What are you plans for the future?Our roadmap is substantial. Our challenge is fulfilling this as fast as we would like! Because the founders are all drawn from within the industry, this has helped Kudos have a high profile at this early stage in our life. We've been keen to talk about our ideas at conferences and in workshops, and excited to have had so much support from publishers, so early on. However, we remain a very young company, with the challenges of working in a lean way to an ambitious vision. We've successfully generated some initial revenues, won grants, and attracted early funding – this has helped accelerate some of our roadmap pans – we’re particularly pleased to have been able to develop additional features for authors, or example - to start helping them manage their personal digital visibility more broadly via profile sites; and we will shortly be releasing a significantly enhanced publisher dashboard. We’re also currently in pilot phase with a service for universities, which includes almost a dozen major institutions such as the London School of Economics and Political Science, Stockholm University and Carnegie Mellon University.
But there’s a lot more to be done – all our existing products have many ongoing enhancements planned, and we’re also currently looking at developing a society service to help societies engage more deeply with their members and showcase high performance.

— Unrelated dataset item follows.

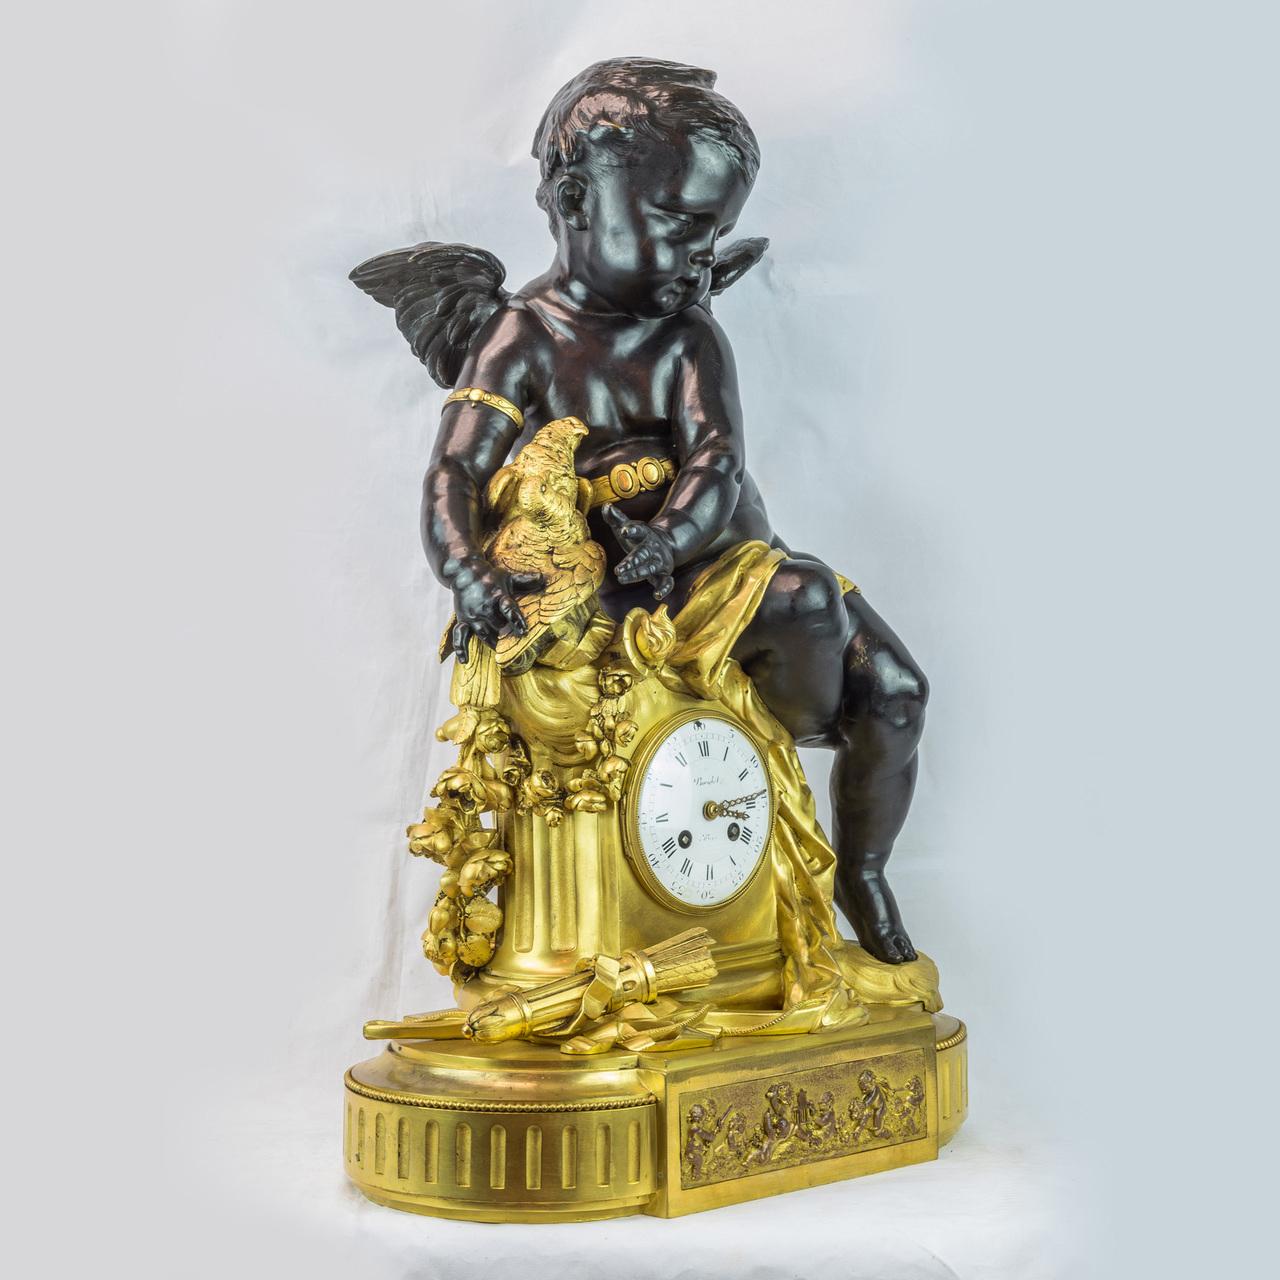 Ein majestätischer Putto aus patinierter Bronze, der auf einer vergoldeten Kaminuhr sitzt.
Modelliert mit einem sitzenden Putto, der zwei Tauben hält. Der Putto lehnt sich über eine vergoldete Kaminuhr mit Girlande, die von einem Pfeil und Bogen

Our longer term vision to embrace a future where researchers will have multiple ways of talking about their work, legitimately sharing information on publications, finding collaborators, reaching out to peers and connecting new audiences with their work. As the landscape grows in complexity, so will the need for a central tool-set, deeply integrated with these emerging services. Kudos will provide this – embedding ourselves where researchers want to access our tools, then providing them – and the organisations that support them – with insight on which of these drives performance, based on the measures that matter to them. By doing this, we aim to make research more discoverable, more useful, and maximise the effectiveness of outreach activities.'
Melinda Kenneway is Executive Director at Kudos. After completing a degree in Experimental Psychology at the University of Oxford, Melinda began her career in academic publishing working at Oxford University Press for 13 years, where she gained the position of Global Marketing Director for the Journals Division. In 2004 she founded TBI Communications, a specialist marketing agency serving academic publishers, societies and libraries. In 2013 she co-founded Kudos – a web-based platform that supports the research community in increasing the impact of research output.